I just bought a bunch of small cukes for whole dill pickles and was talking to the farmer's wife about canning them. She heats her jars and the vinegar mix she pours over top of them but does not water bath the pickles-to keep them crisp. 

I know this isn't FDA approved but does anyone else do this with success? She said that the heat of the jars and the vinegar would seal them-but my concern is keeping them crisp. 

Thoughts?


----------



## Randy Rooster (Dec 14, 2004)

I dont water bath my peppers when I do them that way and it seems to work- dont know about pickles


----------



## SlaterCreek (Nov 28, 2009)

I do it this way as well. Usually all the jars seal up fine. I use a recipe that was past down from my Grandmother. I tried to water bath them one time and they turned out soggy. I would also like to know if it is truly safe or not, but that being said they are crisp pickels


----------



## judylou (Jun 19, 2009)

You are trading off safety for crispness using this very old method so it is your choice. Ever since the studies proved that pH does not remain stable during storage and that both botulism and listeria can grow in even an acidic environment, skipping the processing hasn't been considered safe. Unfortunately some still do it using the "no one has died yet" justification for the outdated practices such as this.

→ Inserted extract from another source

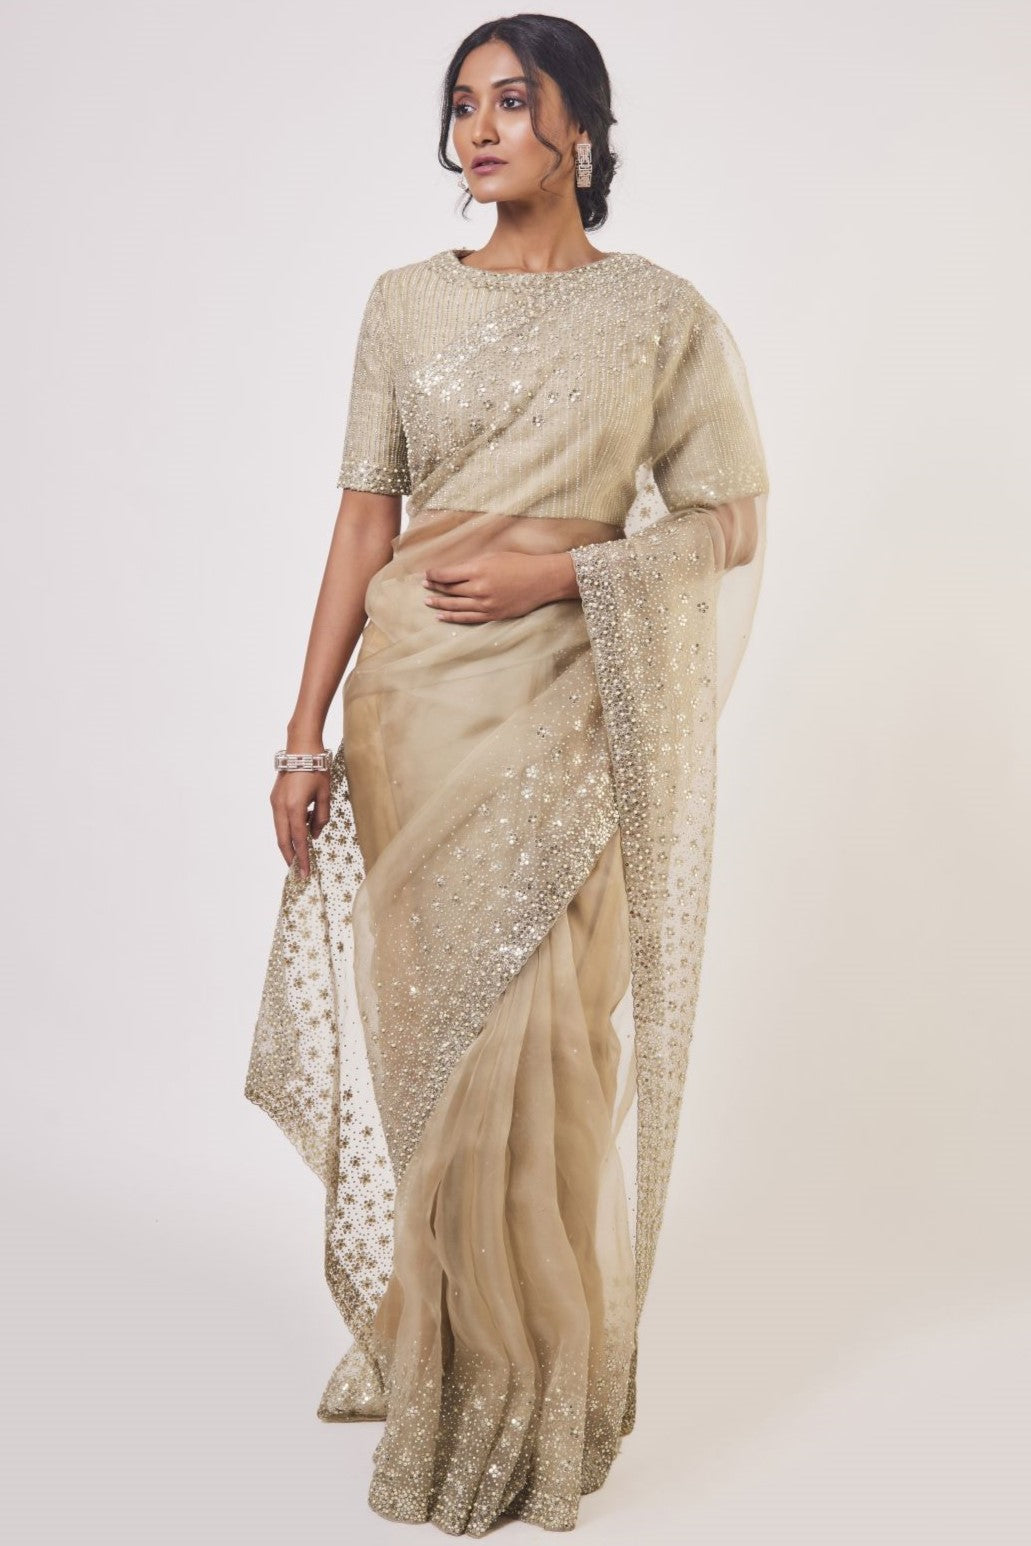 Shop beige organza saree online in USA with stone, cutdana and pearl work. Look your best at parties and weddings in beautiful designer sarees, embroidered sarees, handwoven sarees, silk sarees, organza saris from Pure Elegance Indian saree store in USA.-full view

The loss of the safety factor has never been acceptable to me when the crispness issue is so easily resolved by using Pickle Crisp (calcium chloride) or even ice water and lime pre-soak. Even with the hazards of using lime, when done correctly, it is still safer in the long run than skipping the processing.

And to be fair, the safety would also be affected by which recipe you use. If pickled in 100% vinegar skipping the processing would 'probably' be safe (though not recommended) but a recipe that is an old one and that calls for less than 75% vinegar or less wouldn't be.

Do yourself and those who will eat your pickles a favor and by some Pickle Crisp or a small container of calcium chloride readily available in bulk from several sources and process your pickles.


----------



## homeschool6 (Mar 2, 2005)

At my house we eat a LOT of pickles. My MIL and myself pickle them without processing for those that we will be eating in the next month or so and then process the rest.


----------